Alarms generated for servers in active maintenance intermittently in UIM 20.4.x
search cancel

Alarms generated for servers in active maintenance intermittently in UIM 20.4.x

book

Article ID: 240467

calendar_today

Updated On:

Products

DX Unified Infrastructure Management (Nimsoft / UIM) CA Unified Infrastructure Management On-Premise (Nimsoft / UIM) CA Unified Infrastructure Management SaaS (Nimsoft / UIM)

Issue/Introduction

  • Intermittently, we are receiving alarms for devices that are in active maintenance mode.
  • Alarms from devices correctly added to an active maintenance schedule are still coming through.
  • The alarm dev_id is listed in the schedule for suppression, but still, we are receiving some alarms unexpectedly.

Environment

  • Release: 20.4.*
  • Component: UIM NAS
  • maintenance_mode

Cause

A possible cause of this issue can be that the maintenance_mode probe was not reachable at the time the issue occurred. Therefore the NAS was not able to register with maintenance_mode.

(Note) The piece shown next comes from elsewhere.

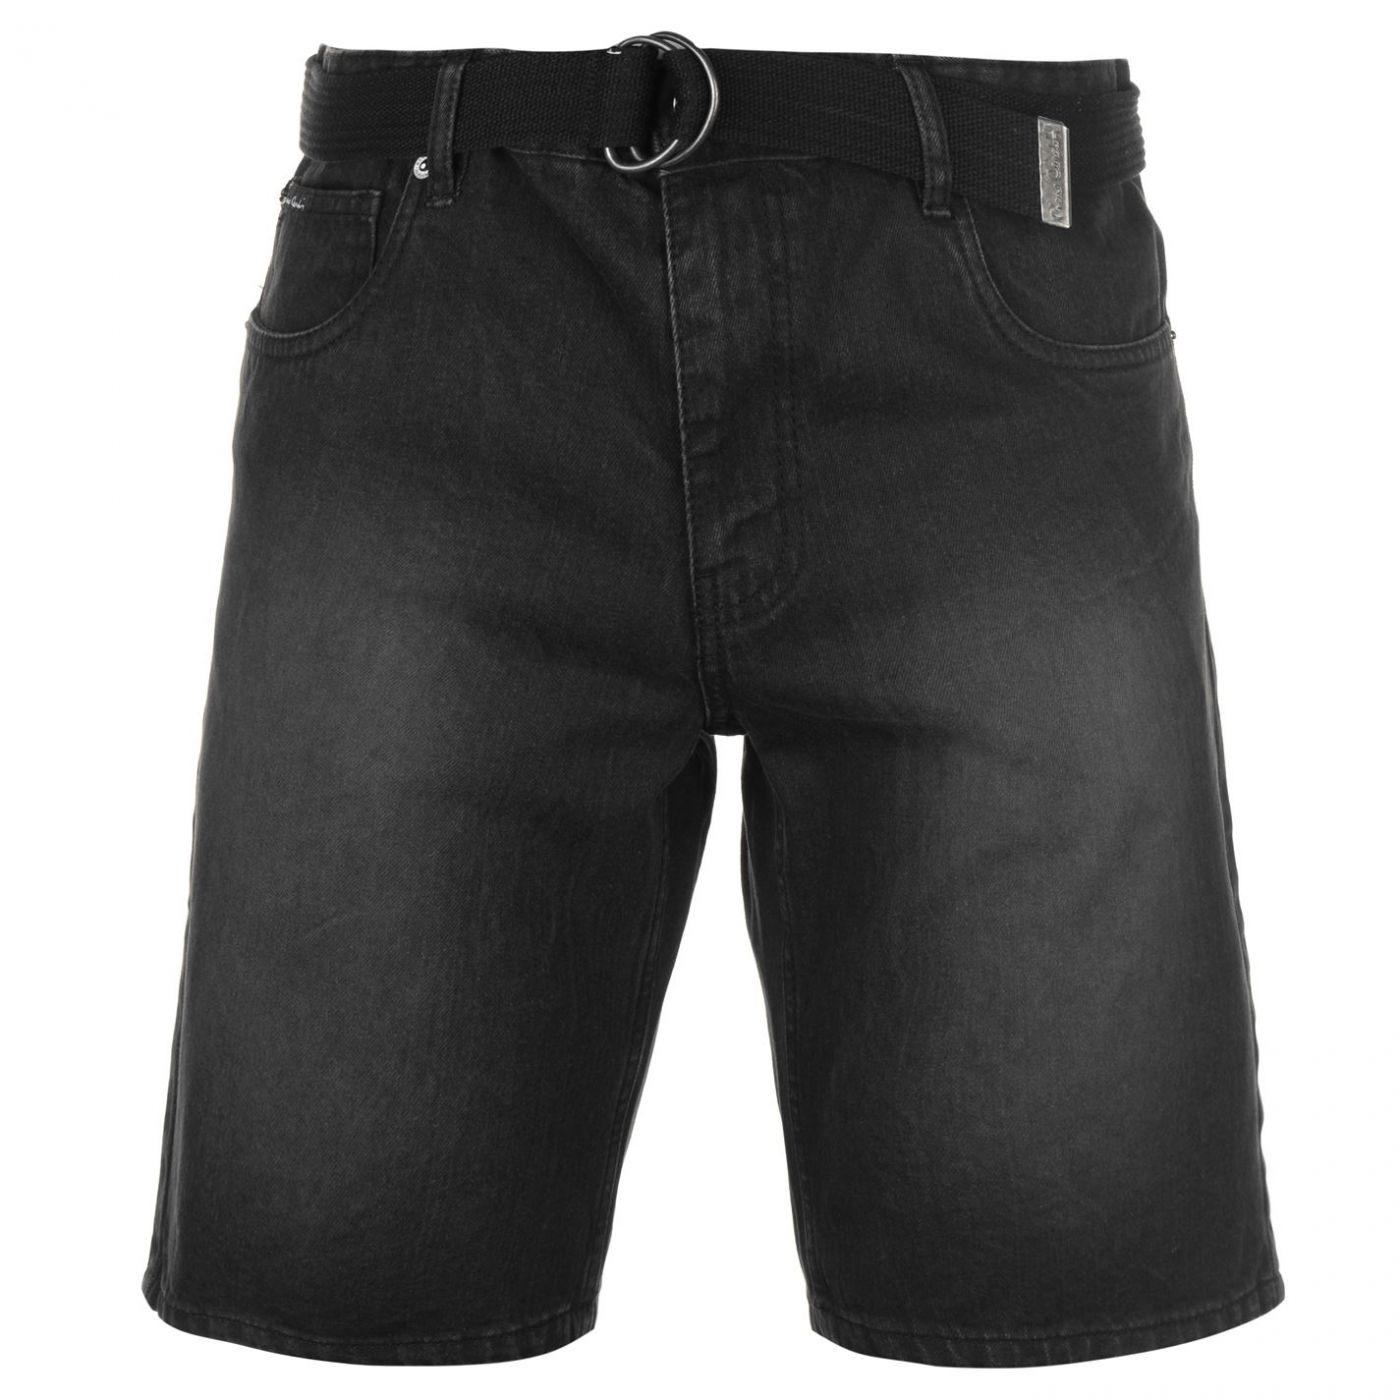 Pierre Cardin Denim Web Belt Shorts Mens

This caused the NAS to discard the maintenance schedule.

The NAS collects maintenance schedules from the maintenance_mode probe "at run time" and this resulted in an alarm leak for that period.

The cause for maintenance_mode probe not reachable could be due to network or other DB issues.

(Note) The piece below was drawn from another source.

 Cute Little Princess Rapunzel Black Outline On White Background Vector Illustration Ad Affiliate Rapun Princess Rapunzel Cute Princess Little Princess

Something that may indicate a DB issue could be verified in the maintenace_mode log:

maintence_mode register failure: 

Example: 

logs at Apr 12 00:30:16:588 WARN / SQLServerException

Exception started at:
Apr 12 00:30:16:588 WARN  [attach_socket, com.nimsoft.monitor.probe.MaintenanceModeProbe] Failure registering to maintenance_mode. org.springframework.dao.DataAccessResourceFailureException: StatementCallback

Exception continued till 
Apr 12 00:52:03:871 WARN  [attach_socket, com.nimsoft.monitor.probe.MaintenanceModeProbe] Failure registering to maintenance_mode. org.springframework.dao.DataAccessResourceFailureException

Resolution

A new key was introduced that may help overcome/workaround this issue in case of a similar scenario. 

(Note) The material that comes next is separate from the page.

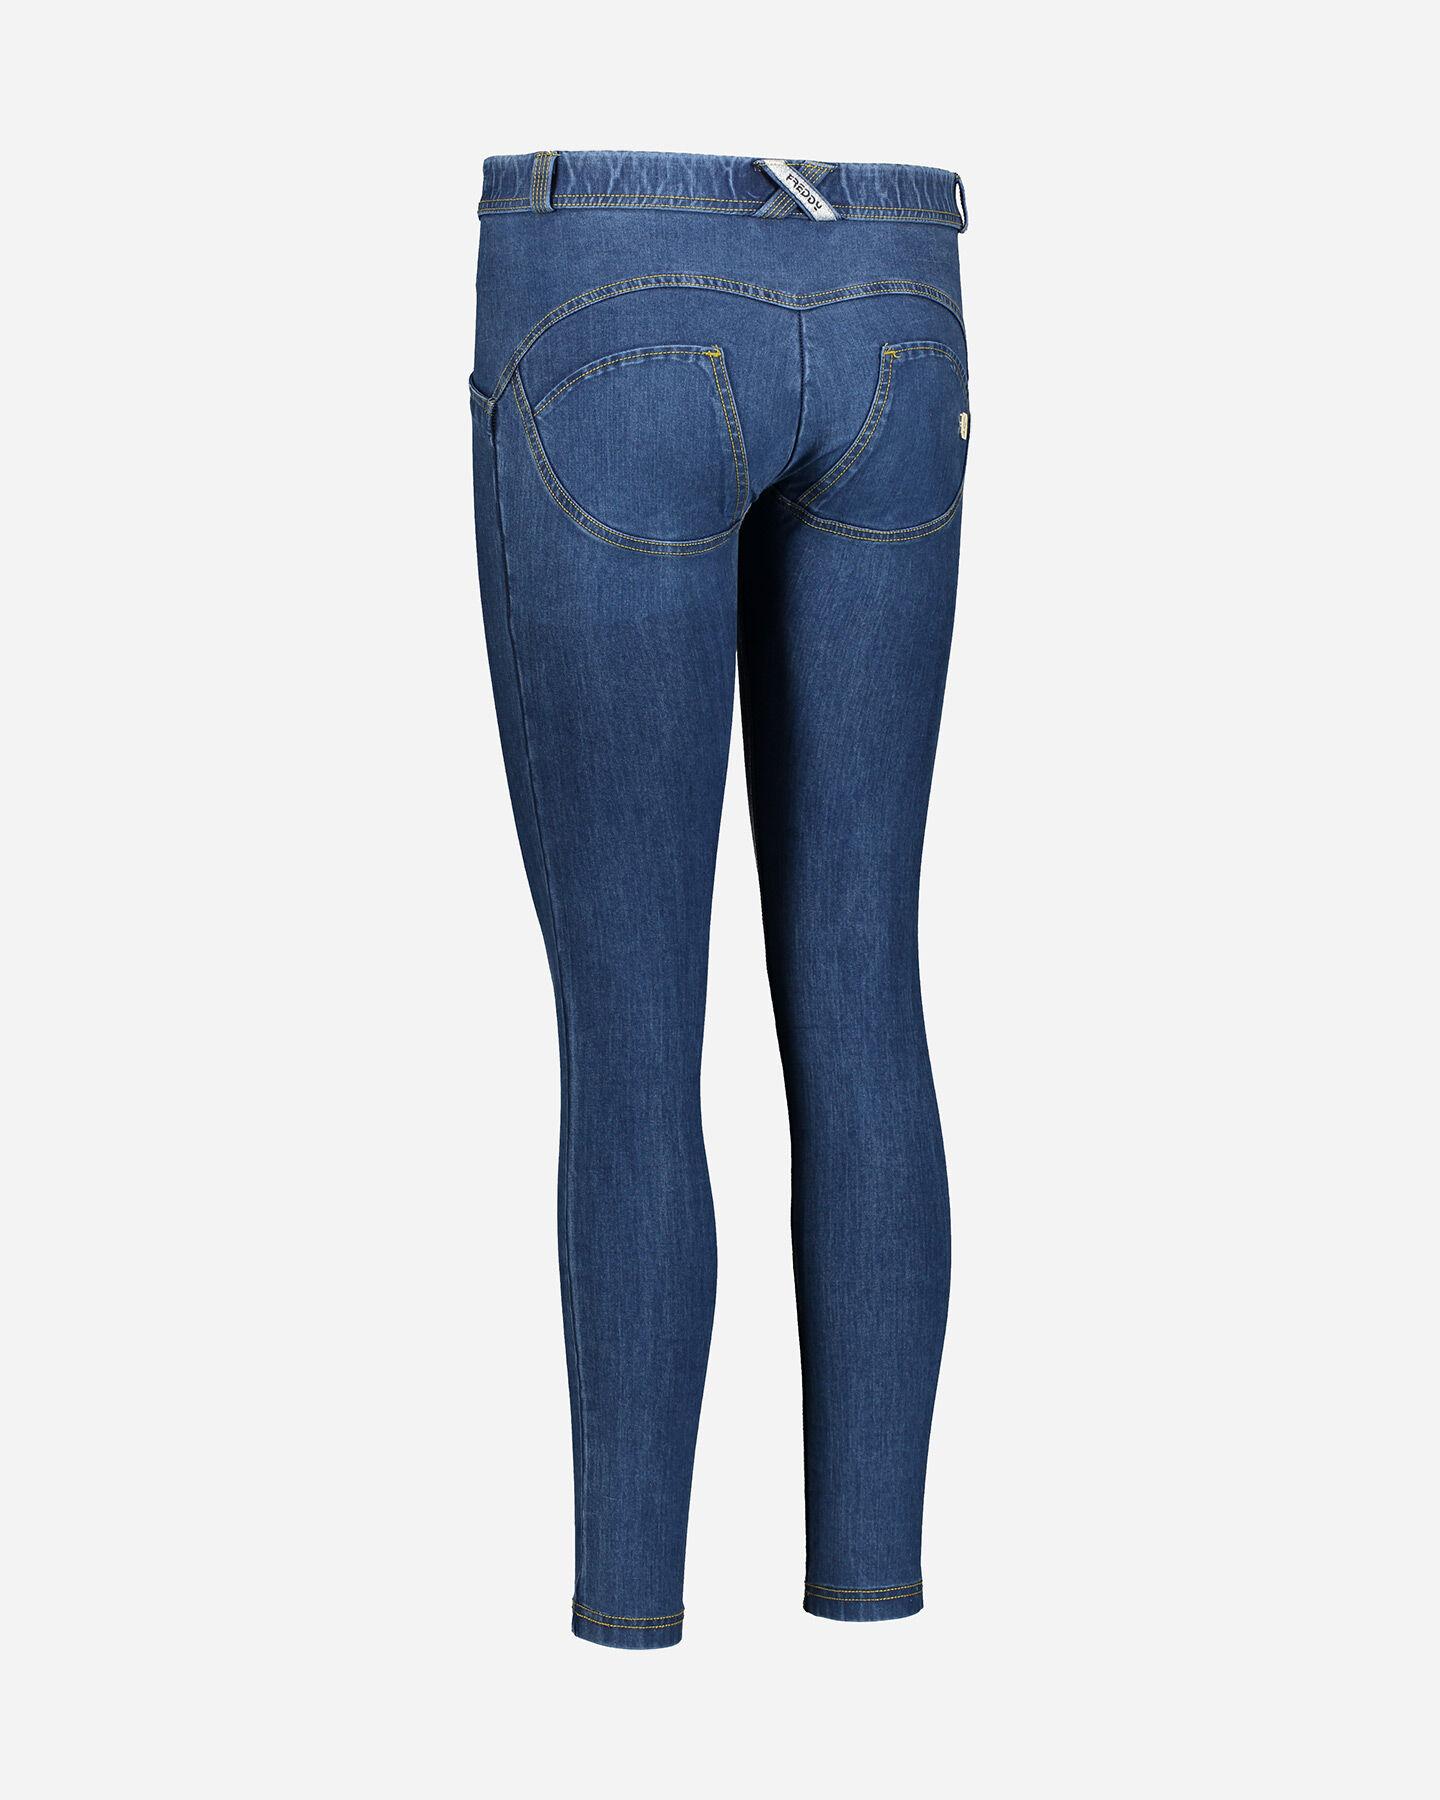 Pantalone FREDDY HIGH WAIST NOW WRUP W S5222777 scatto 2

The new parameter "maint_sched_discard" is available that lets you decide whether you want to discard the maintenance schedule.

You can specify the value as yes or no. A value of no implies that the maintenance schedule will be retained.

The value is found under the nas' setup section via raw configure.

The default is->

maint_sched_discard = yes

https://techdocs.broadcom.com/us/en/ca-enterprise-software/it-operations-management/ca-unified-infrastructure-management-probes/GA/monitoring/infrastructure-core-components/nas-alarm-server/nas-alarm-server-release-notes.html

Setting it to no: 

maint_sched_discard = no

The maintenance mode schedules won't be discarded if maintenance_mode is not reachable in a similar scenario. 

Make the following adjustments to the nas and ems probes:

Run raw configure on the nas probe and set the following under 'setup':

   maint_max_resp_time = 50
   registrationIntervalLookAheadMinutes = 60

Run raw configure mode for the ems probe and set the following under 'setup':

   maintenance_mode_cmd_timeout = 300000

Additional Information

The new parameter requires a minimum NAS version 9.32 but nas 9.32HF1 is recommended.

This may also help resolve issues with robot_inactive alarms being generated and sent during maintenance schedules.

Note also that Informational and clear alarm messages are still displayed during a maintenance window.